Ephraim Keyser (October 6, 1850 in Baltimore, Maryland - January 26, 1937) was an American sculptor.

==Biography==
He was educated at the City College of Baltimore and studied art in the Maryland Academy of Arts in 1871-72. He went to Munich in 1872 and studied under Widmann in the Academy of Fine Arts, where he won a silver medal for a bronze statue of a page. He remained there until 1876, when he moved to Berlin, and entered the studio of Albert Wolff, under whose guidance he modeled a figure of Psyche, for which he gained the Michael Beer prize, enabling him to spend a year in Italy.

In 1880 he settled in Rome, Italy, where he maintained a studio for six years and where he received a prize for the statue of Psyche. In 1887 he returned to the United States, and lived in New York City until 1893. He then resided in Baltimore, where he became an instructor in modeling at the School of Fine Arts. His studio was located at the David Bachrach House, listed on the National Register of Historic Places in 1985.

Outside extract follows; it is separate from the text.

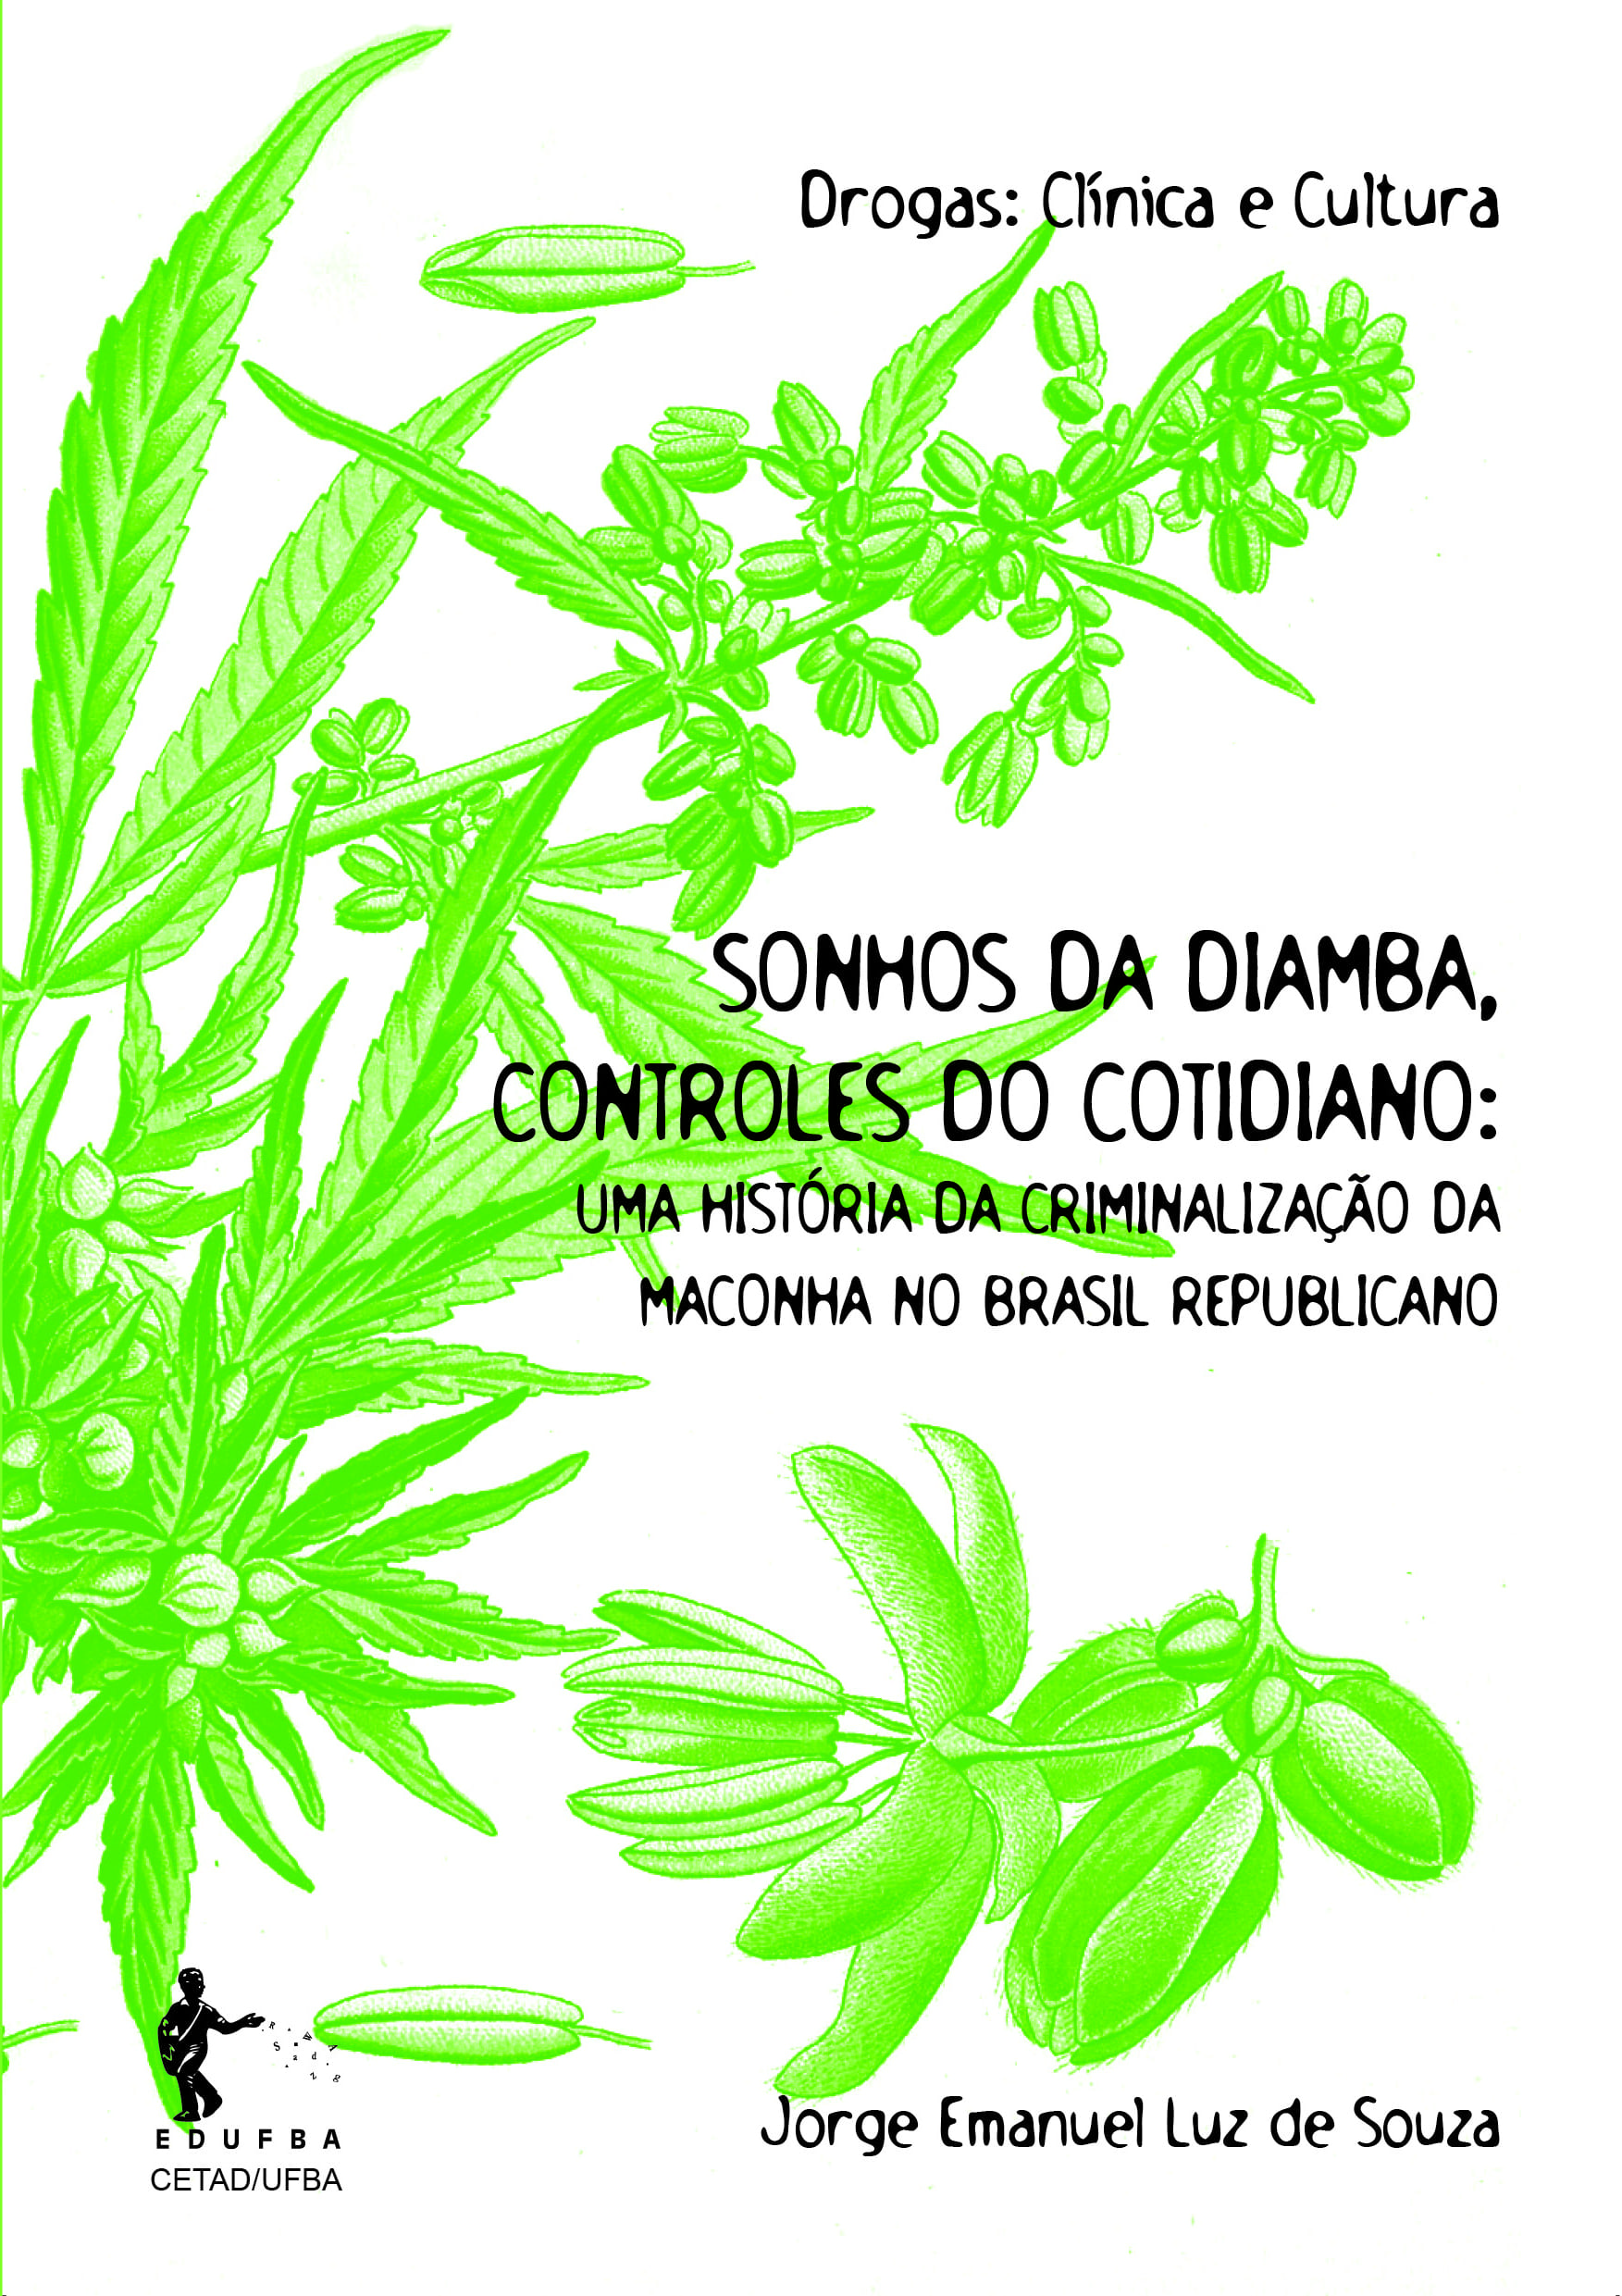 Sonhos da diamba, controles do cotidiano: Uma história da criminalização da maconha no Brasil Republicano

His nephew, Ernest Wise Keyser, was also a sculptor.

==Works==
Among his works may be mentioned: the statue of General de Kalb, erected by the government at Annapolis, Maryland; the design for the tomb of Chester A. Arthur, President of the United States, at Albany, New York; and various busts, among them those of President Grover Cleveland, Cardinal Gibbons, Sidney Lanier, and Henry Harland.